And why, when the same is done with a smart pointer (smart Pointer), there is error?

int main( void )
{
    std :: string somebody = "Luiz";
    std :: unique_ptr< char > pointer( &somebody[ 0 ] );
    
    pointer++; //erro ao tentar avançar para o próximo endereço de memória

    std :: cout << pointer << std :: endl; //outro erro por tentar imprimir sem o asterisco (*) ou o e comercial (&)

    return 0;
}
c++ string pointer char smart-pointer

1 answer

5


It happens because when you do:

std::string somebody = "Luiz";
char* pointer = &somebody[1];

You declare pointer as a pointer to a character.

Do you know what a C string is? It’s basically an array of characters. In C, the type char* is commonly used to point to the first character of that list, which is the string. See more here.

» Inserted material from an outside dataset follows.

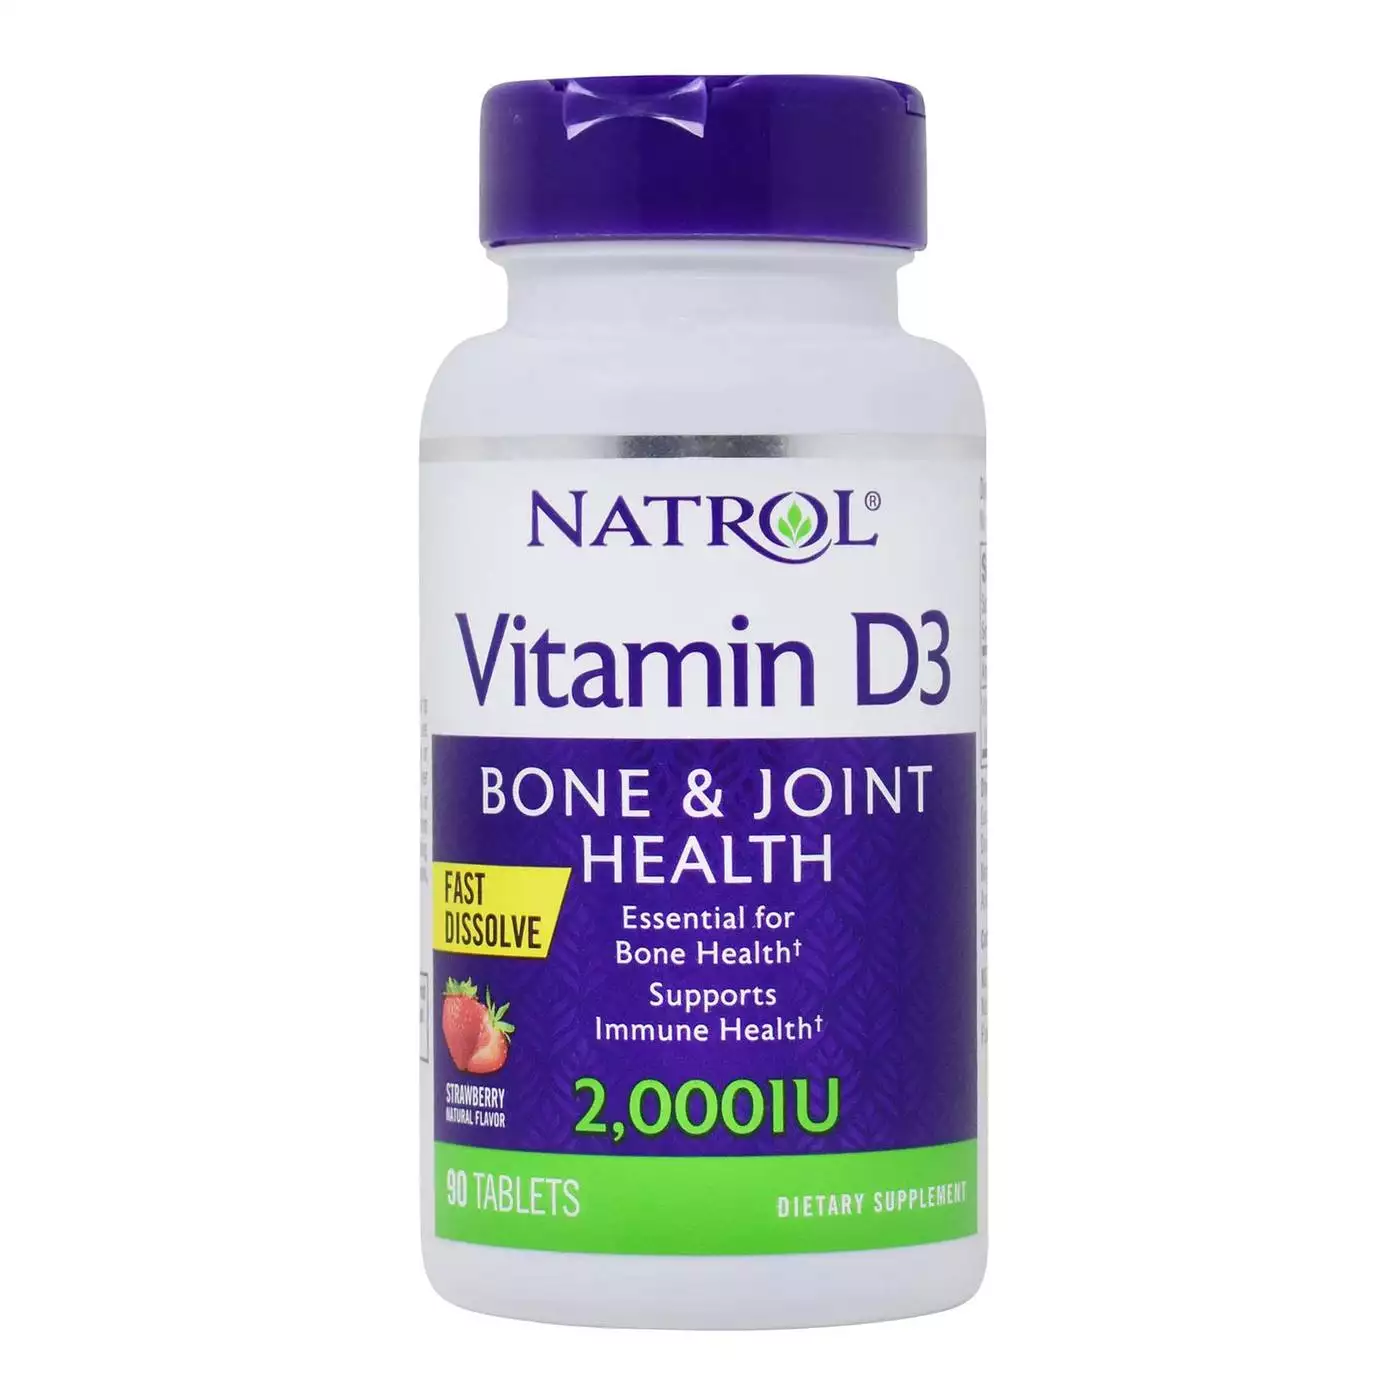 Natrol vitamin D3 fast dissolve

Since C++ was created with a view to "compatibility" with C, the language supports the so-called "C strings". It is essential to understand that std::string and a C string are different things in C++, see here to learn more.

Therefore, what happens is that the operator << will understand values like char* (such as the pointer you provided in the first example) as the first character of a C string. This will cause it to read until it finds NUL Character.

See that the operator << is burdened to deal with values of the kind char*, and the defined behavior was to treat them as a string in C and "read" until you find the NUL char.

If you want to print the actual address, you can make a cast, thus:

std::cout << (void*)pointer << std::endl;
//=> 0x7ffee14b7573

And note that if you mismatch the pointer, it will print only the pointed character (which is also the first character of the C string):

std::cout << *pointer << std::endl;
//=> i

About the errors regarding the use of smart Pointer unique_ptr, first of all you should ask yourself... why are you using them?

It doesn’t make much sense to wear one unique_ptr there. At least not in view of what you will come to do soon after.

Smart pointers are usually used to modify the semantics of who owns the supplied pointer. You need this?

The error in relation to ++ given that values of the type unique_ptr<T> do not define operator overload ++. What was this supposed to do? Increment the pointer that is inside the smart pointer? Or increment the smart pointer itself? The latter makes less sense, but would be somewhat ambiguous.

Note that it is now easier to understand the error when trying to use ++ in a unique_ptr:

no operator "++" matches these operands -- operand types are: std::unique_ptr<char, std::default_delete<char>> ++

The second mistake, now in relation to << also occurs because the << does not support type unique_ptr<T> directly. See the difference in relation to the char* previously dealt with, which is already overloaded.

In this case, you must do the pointer’s reference so that you can use it. Or simply make a cast and print the actual address of the pointer.

See the error:

no operator "<<" matches these operands -- operand types are: std::ostream << std::unique_ptr<char, std::default_delete<char>>

Just like the last message, it also demonstrates that there is no overload to support unique_ptr<T>.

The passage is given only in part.